If you now use a server that forks off worker children, they each have separate indexes.
They actually access the same memory, initially. With Ruby < 2.0, Ruby will gradually change the indexes (even though they are only read) – and COW (copy on write) will separate the memory areas associated with a specific index. So gradually, in the actual memory, the indexes will be separated. In Ruby 2.0, with the bitmap marking garbage collection, I expect this to behave differently.
So what is happening in your Unicorn example, Andi? Let's say we have 3 workers, A, B, and C.
A will receive the replace item in index request, and will duly replace the item in the index. However, B and C never hear of this change, which is located exclusively in A.
That explains why you only get correct results in about 1/3 of the times. Or sometimes dump the right index, or see old results. It all depends which worker does the job.
So what are the solutions?
- Evaluate whether you really need multiple workers – Picky is normally fast enough, regarding raw speed – and if not, just use 1. (This is not a solution if you have many users, as congestion looms)
- Use a separately handled index (single point of access), for example Redis, which all workers access separately. In the case of Redis, loading/dumping is not necessary. However, you lose speed compared to the in-memory solution.
In addition to this, many users have come up with funky solutions to be able to use the memory indexes – they wanted the speed – in such a scenario:
- Data is stored in Redis, use a pubsub queue from all the workers, and all the workers get the updates from that pubsub queue, and each updates separately (
laut.fm).
- If a worker receives an update request, the worker tells the master via IPC (interprocess communication), using eg. the Cod gem. Then, the master:
- tells each worker to update its index.
- updates its own index, and gradually restarts the workers (the workers do harakiri via Rack::Harakiri, code in Picky).

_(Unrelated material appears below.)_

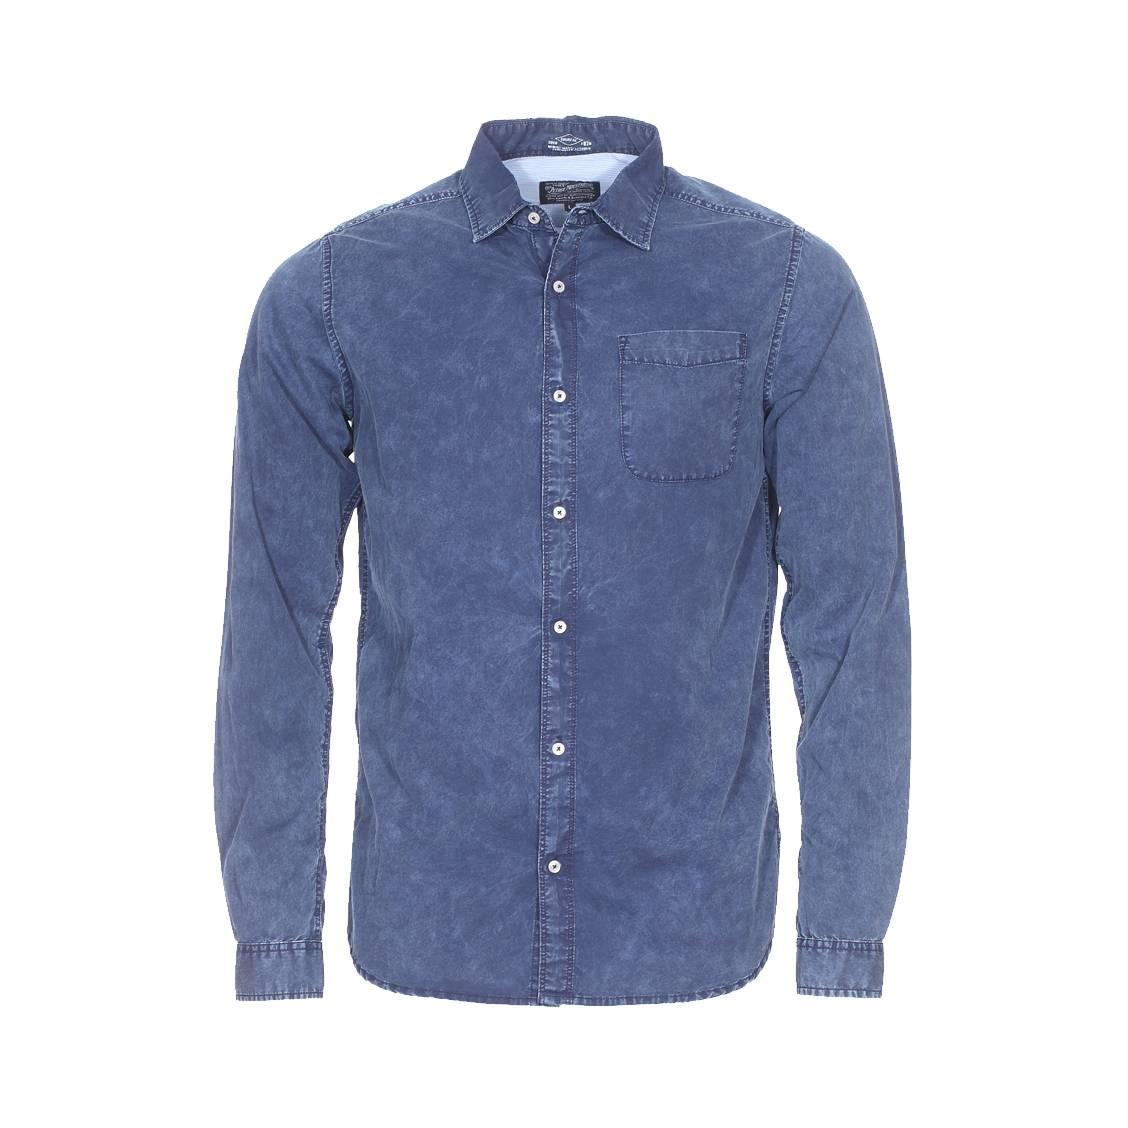 Chemise ajustée  en jean bleu indigo

Again, sorry for not explicitly noting that in my first suggestion – I hope this explanation was at least informative :) The people who came up with the funky solutions were happy about the learning experience, but if you don't have the time or interest, perhaps using a single server or moving to Redis (Roger: Perhaps your SQLite backend also works?) is best for you. Let me know what you think/are going to do, please :)
As an outlook:
I believe we need to perhaps look into making a standalone server that uses *gulp* threads for multiple workers which access the indexes correctly. Not incredibly keen on implementing that, but perhaps it will be necessary.
I'd love to work on making this all much easier, but Picky has been eating a lot of time, and that needs to be invested in my company and my PhD currently. However, baby steps. Also, I am very interested in getting people like you, Andi, to work on it. Roger is already helping out quite a bit!
Florian